Race, Disability, Organizational Culture, and Social Change
Date and time
Location
Online event
Part of the RACE + DISABILITY webinar series, co-sponsored by FISA Foundation, The Heinz Endowments, and The Pittsburgh Foundation.
About this event
Race, Disability, Organizational Culture, and Social Change: Promising Practices from Centers for Independent Living
DESCRIPTION:
Historically, disability services were designed to accommodate a singular identity: person with a disability; all other aspects of an individual’s experience were considered secondary. But structuring services that ignore the lived experience of racism has created and exacerbated inequities within disability services. Treating disability as race-neutral has also created unwelcoming and sometimes unsafe working conditions for people of color with disabilities who are on staff.

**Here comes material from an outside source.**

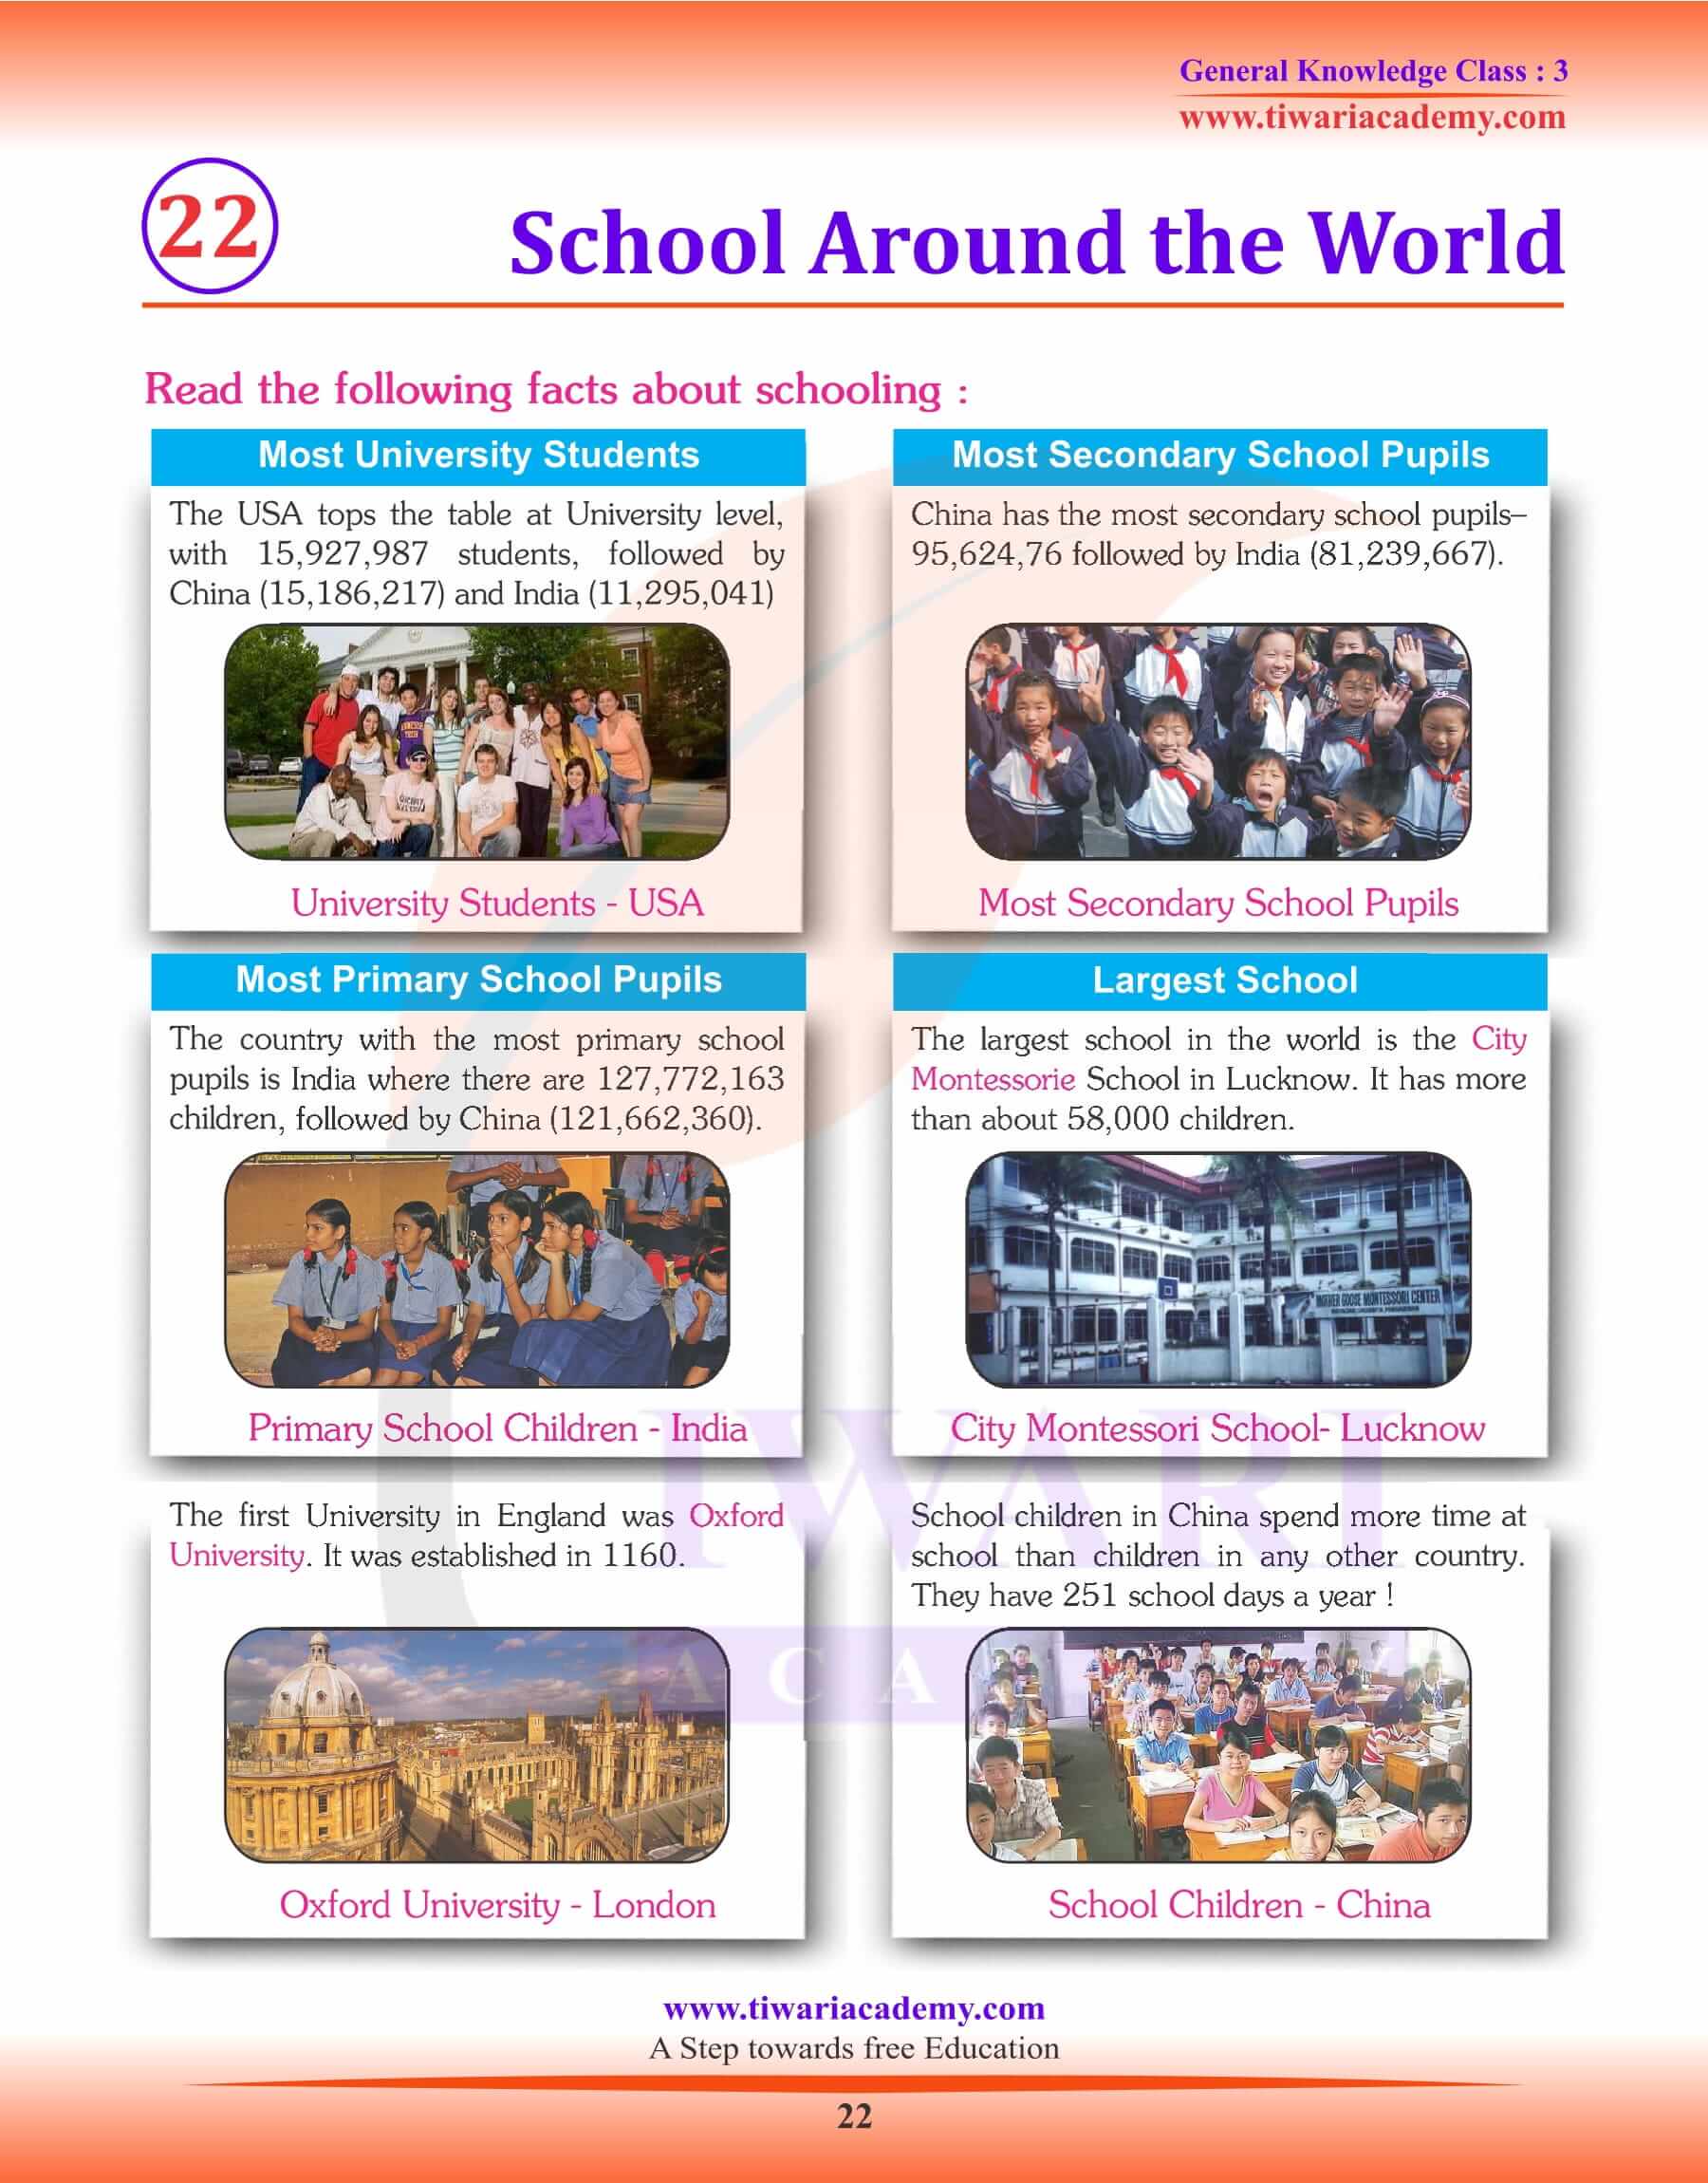 School around the World

This session will explore promising practices in cultivating a welcoming and equitable culture, designed to include people of color with disabilities who are both consumers of services and staff offering support. Presenters represent various Centers for Independent Living. All panelists are multiply marginalized people with disabilities who are recognized for their efforts to advocate for equity in both the provision of supports and the leadership of staff.
This session will:
- Ground participants with professional and personal understanding of what intersectionality in disability services looks like;
- Provide context regarding how attempts to provide services without an intersectional lens can cause unnecessary harm to consumers;
- Present action steps that providers and managers can take to address existing equity gaps at their agencies.
PRESENTERS:
Reyma McCoy McDeid
Ami Hyten
Photos and bios are below
REYMA MCCOY MCDEID
Reyma McCoy McDeid is the Executive Director of the National Council on Independent Living and is the former executive director of Central Iowa Center for Independent Living (winner of the 2018 Organization of the Year award from the Des Moines Civil and Human Rights Commission). She is the recipient of a 2019 AT&T Humanity of Connection award and her 2018 run for office was endorsed by the Working Families Party, the Asian & Latino Coalition, and Iowa Women for Progressive Change. She is also a single mom. Her work has been featured in Vice, Pantsuit Nation, TIME , The Guardian, and USA Today. Her vocation has shifted from serving marginalized people to addressing how systems create marginalized people in the first place.
AMI HYTEN
Ami Hyten, JD, (she/her/hers), is the executive director for the Topeka Independent Living Resource Center, a federally recognized Center for Independent Living located on the unceded territory of the Shawnee, Pawnee, Osage and Kansa tribes. Ami is herself a member of the unceded and sovereign Kingdom of Hawa’ii, a disabled queer activist with a history of work ranging from grassroots organizing to direct care work, and trial litigation to stocking produce.